Thursday 24 October 2013
Magnum ice cream to Dove soap maker Unilever today laid bare the extent of its difficulties in emerging markets as it reported a near 7 per cent slump in global turnover over the past quarter.
Along with many consumer goods companies hit by the sudden growth slowdown in Asia and Latin America since the US Federal Reserve began debating slowing its stimulus efforts, Unilever had already braced the market last month for a bad set of numbers.
In the event, the third quarter trading statement showed turnover falling 6.5 per cent to €12.5 billion (£10.2 billion). What it called underlying sales growth, at 3.2 per cent, was the slowest quarterly pace for four years.

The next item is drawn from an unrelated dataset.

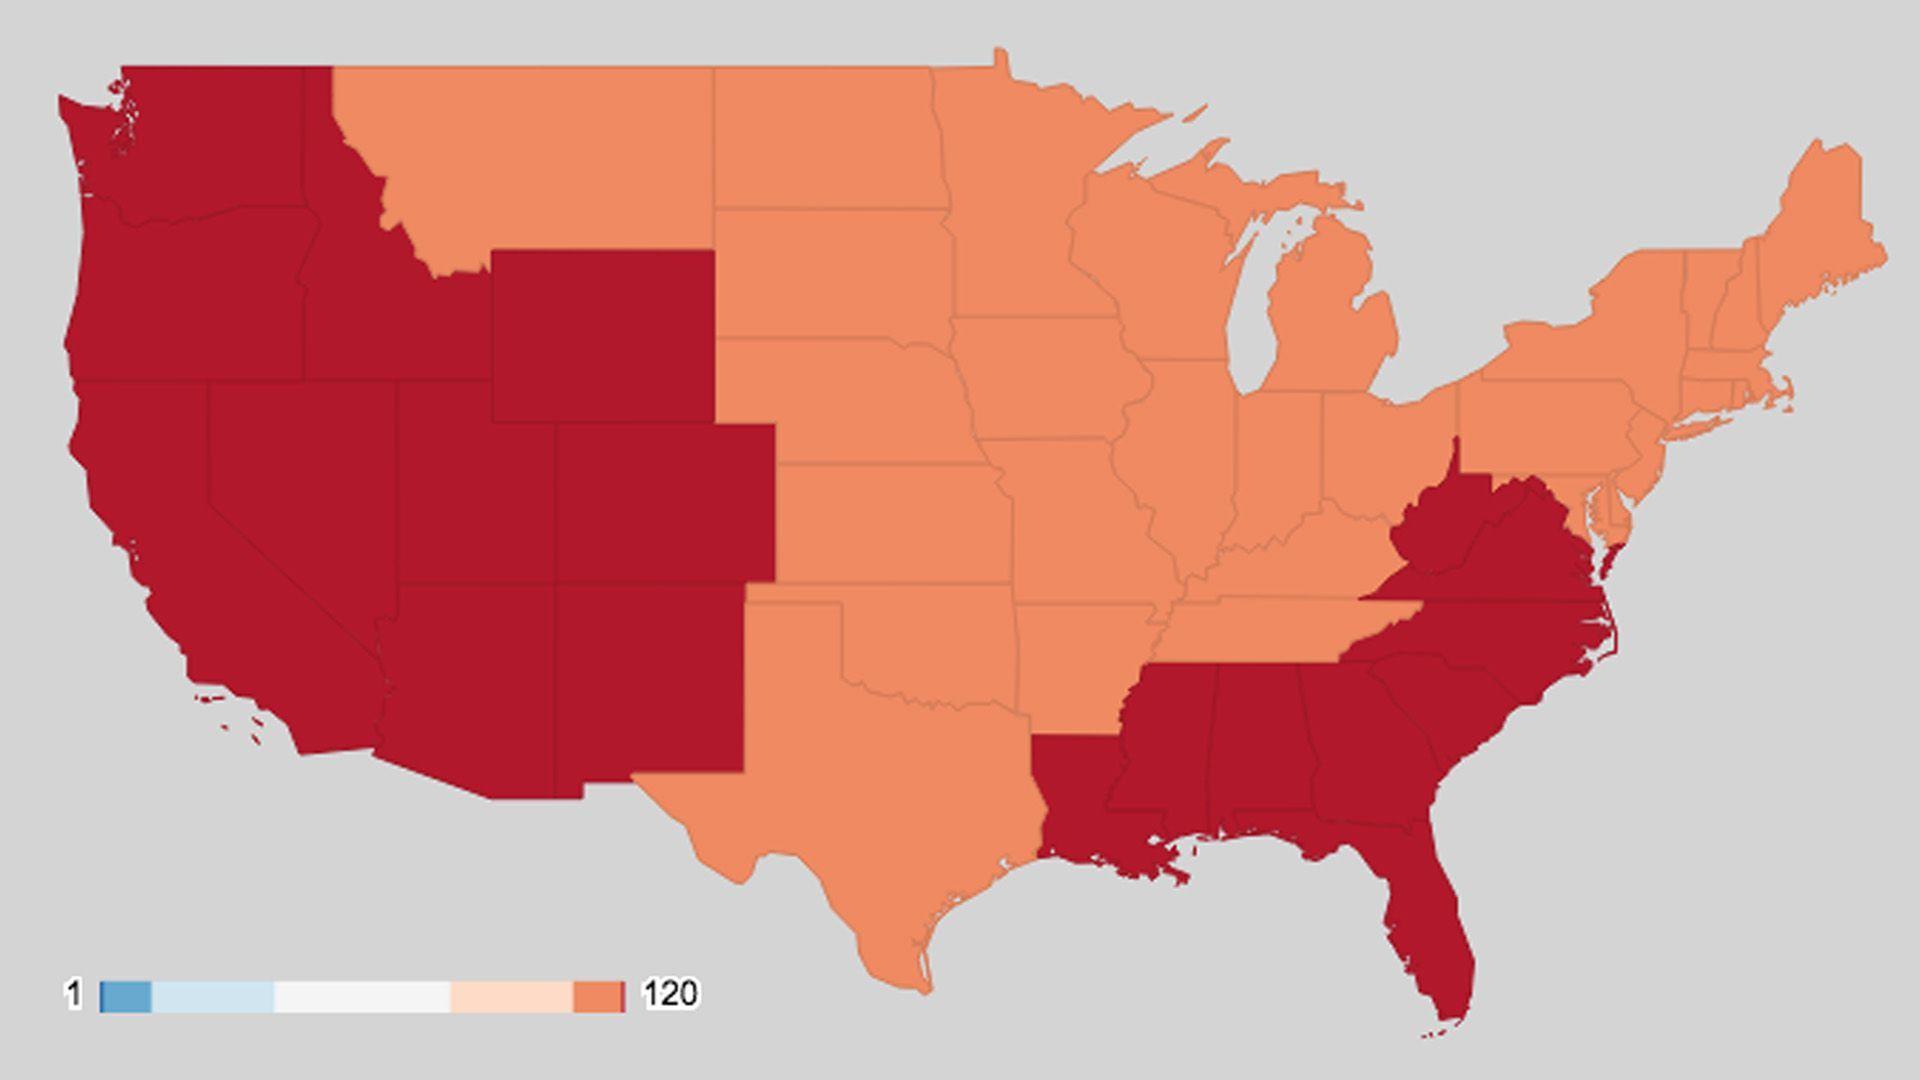 Map showing U.S. temperature records

Meanwhile, Europe and North America continued to flatline despite economic data suggesting a recovery is well under way. Shares in the company fell sharply after last month’s profit warning, and slipped only slightly today, falling 2p to 2494p.
Chief executive Paul Polman today put a brave face on the numbers, saying that his company was still faring better than its competitors. “Emerging markets continue to be the main driver of our growth and, despite the current slowdown, they remain a significant growth opportunity which the company is well-placed to capitalise on,” he said.
Investors said there was some relief that the company had not further reduced its profit forecasts for the full year, with the general mood in the markets being that today’s numbers “could have been worse”.
Investec analyst Martin Deboo said: “Slower, slower everywhere. The story of Q3 is one of slowing geographies, slowing categories and some Macmillanite ‘little local difficulties’.”
The figures showed emerging markets growth had slowed from 10.3 per cent in June to just 5.9 per cent.
Food sales had a tricky season, with disappointingly slow sales of ice cream from the Walls owner in recession-bound southern Europe. Northern Europe was stronger, as the long, hot summer spurred sales. A global relaunch of Cornetto and continued strong sales of Magnum choc ices helped boost demand.